[Stored entries]
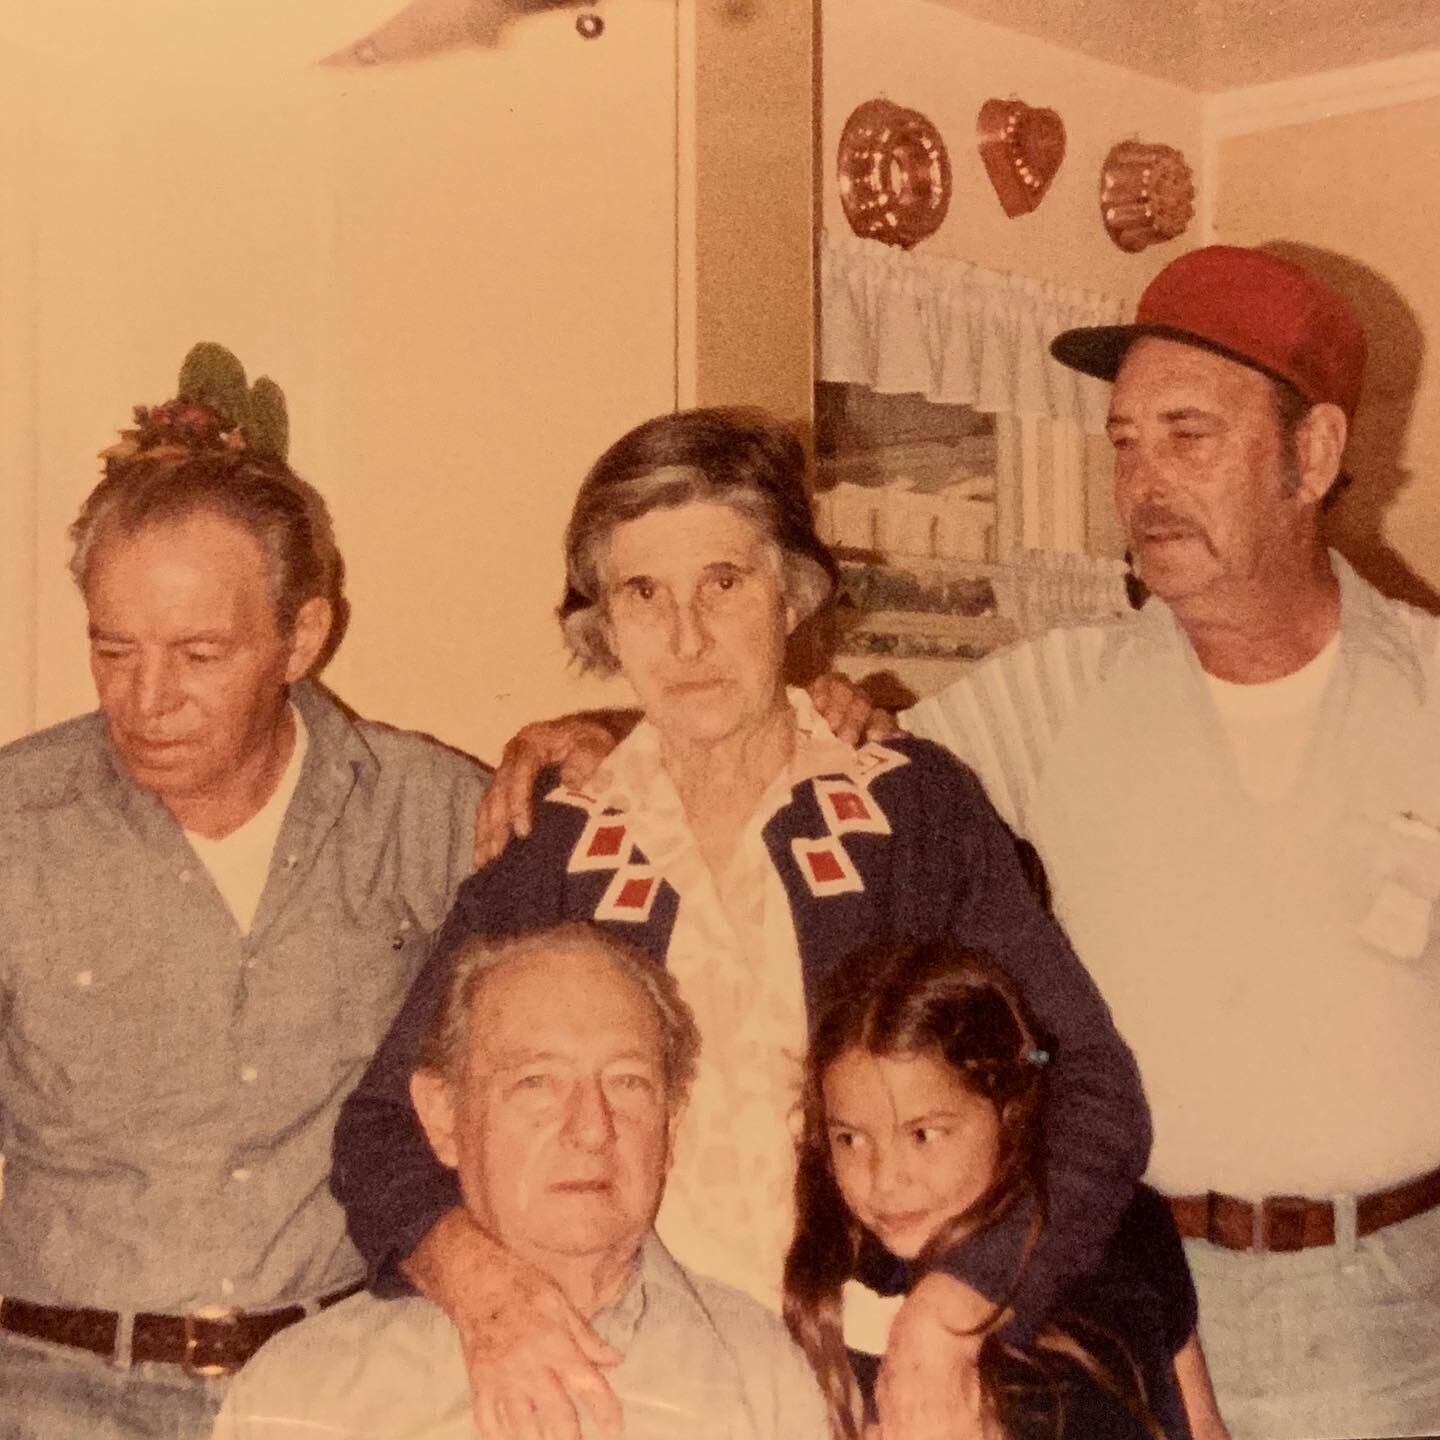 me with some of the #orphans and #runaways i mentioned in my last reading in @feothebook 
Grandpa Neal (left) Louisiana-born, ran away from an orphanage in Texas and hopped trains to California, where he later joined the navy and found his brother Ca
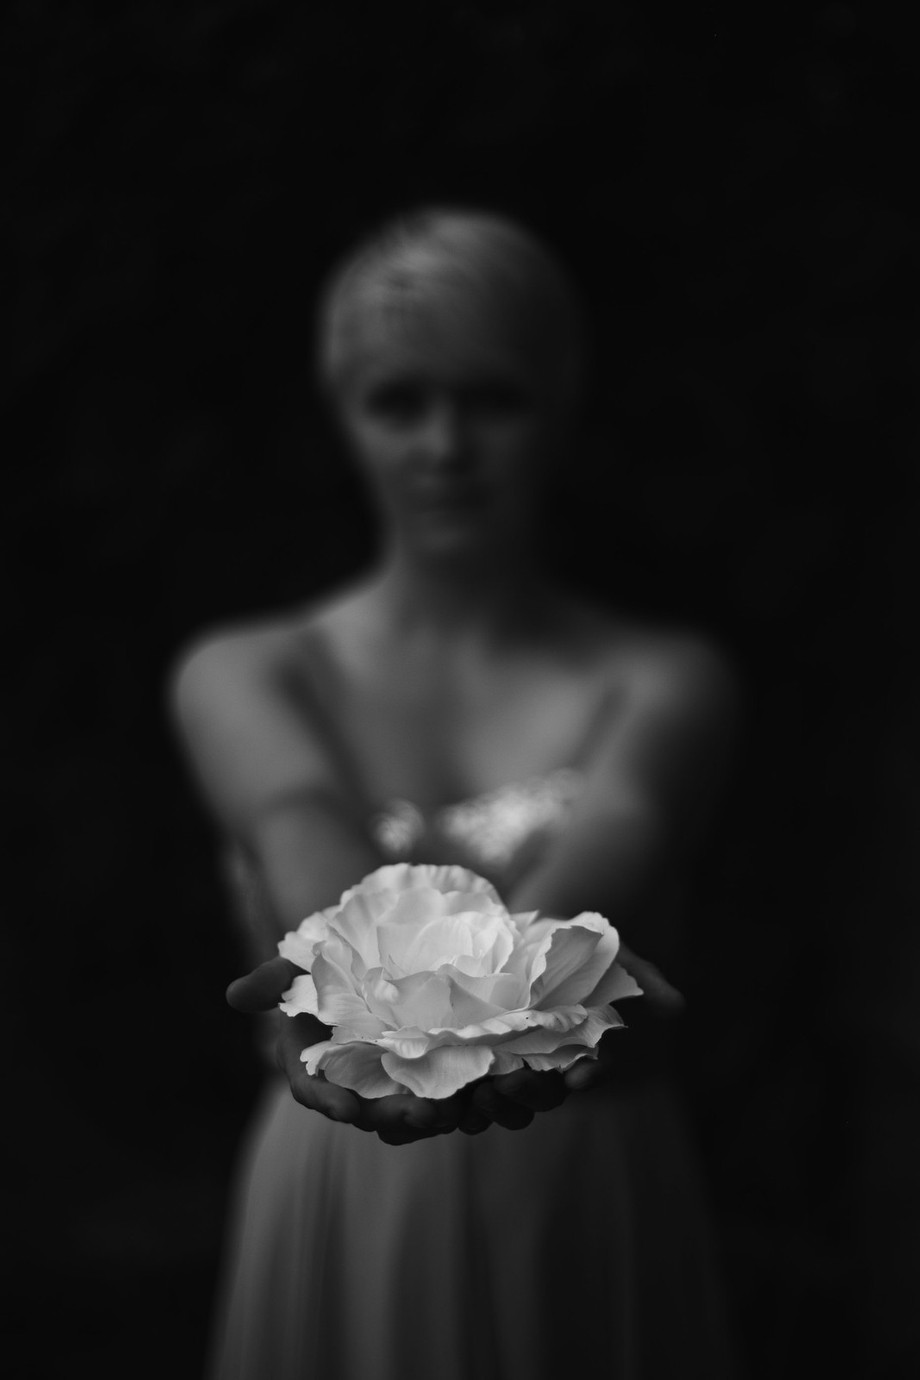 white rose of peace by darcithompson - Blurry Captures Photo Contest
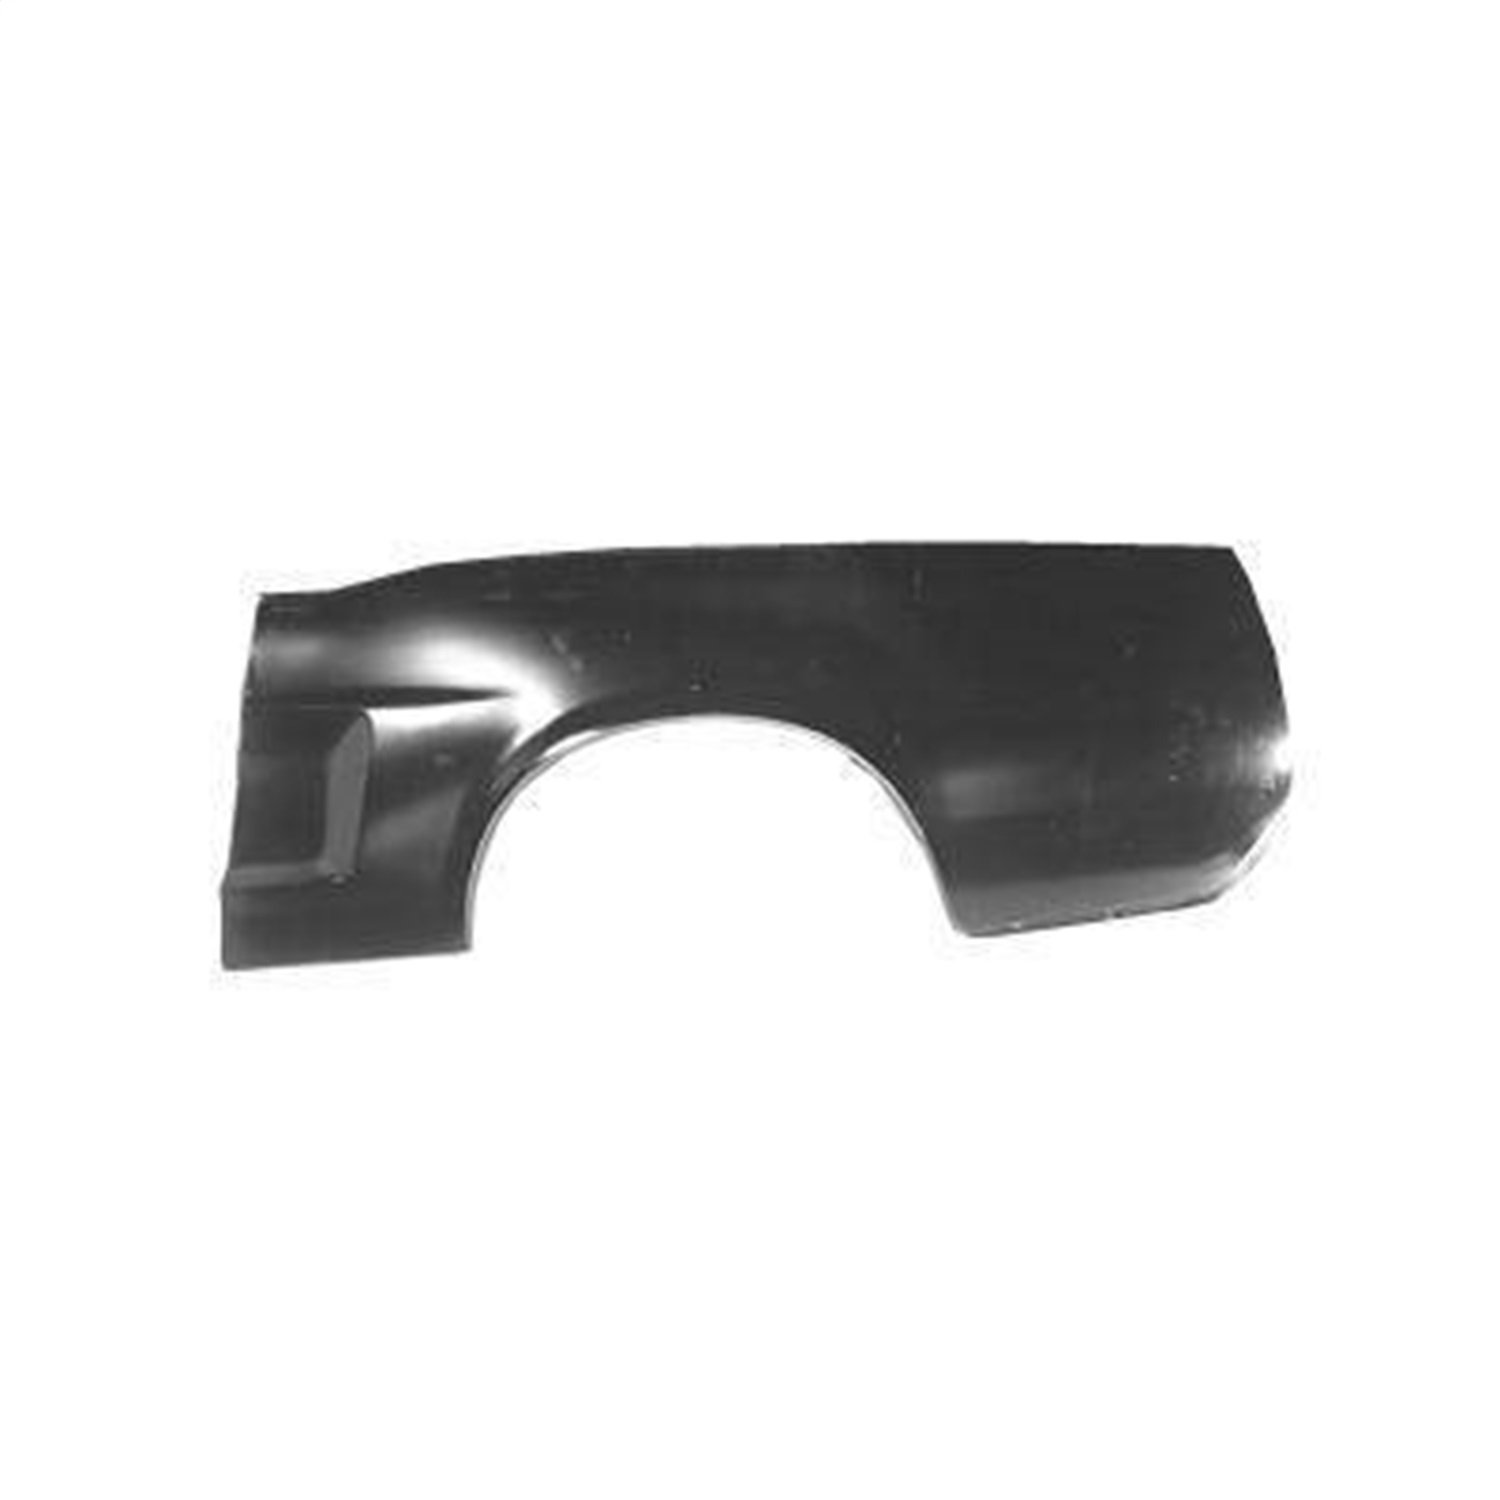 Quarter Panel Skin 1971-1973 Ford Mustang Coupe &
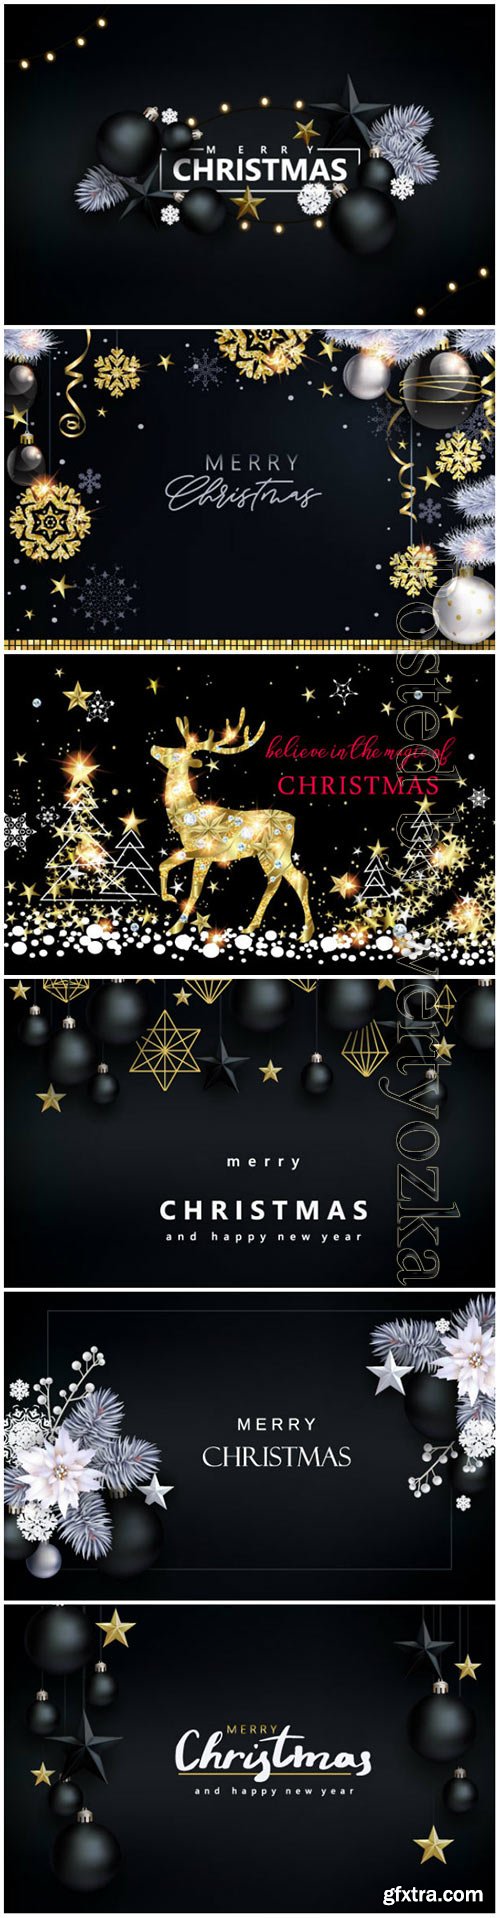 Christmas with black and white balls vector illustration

[Instructions for the task] Leave the pictures out. Transcribe exactly the lines from the one with "Grandpa Neal (left)" through the end of the records.

[Response to the exercise]
Grandpa Neal (left) Louisiana-born, ran away from an orphanage in Texas and hopped trains to California, where he later joined the navy and found his brother Ca
 white rose of peace by darcithompson - Blurry Captures Photo Contest
 Quarter Panel Skin 1971-1973 Ford Mustang Coupe &
 Christmas with black and white balls vector illustration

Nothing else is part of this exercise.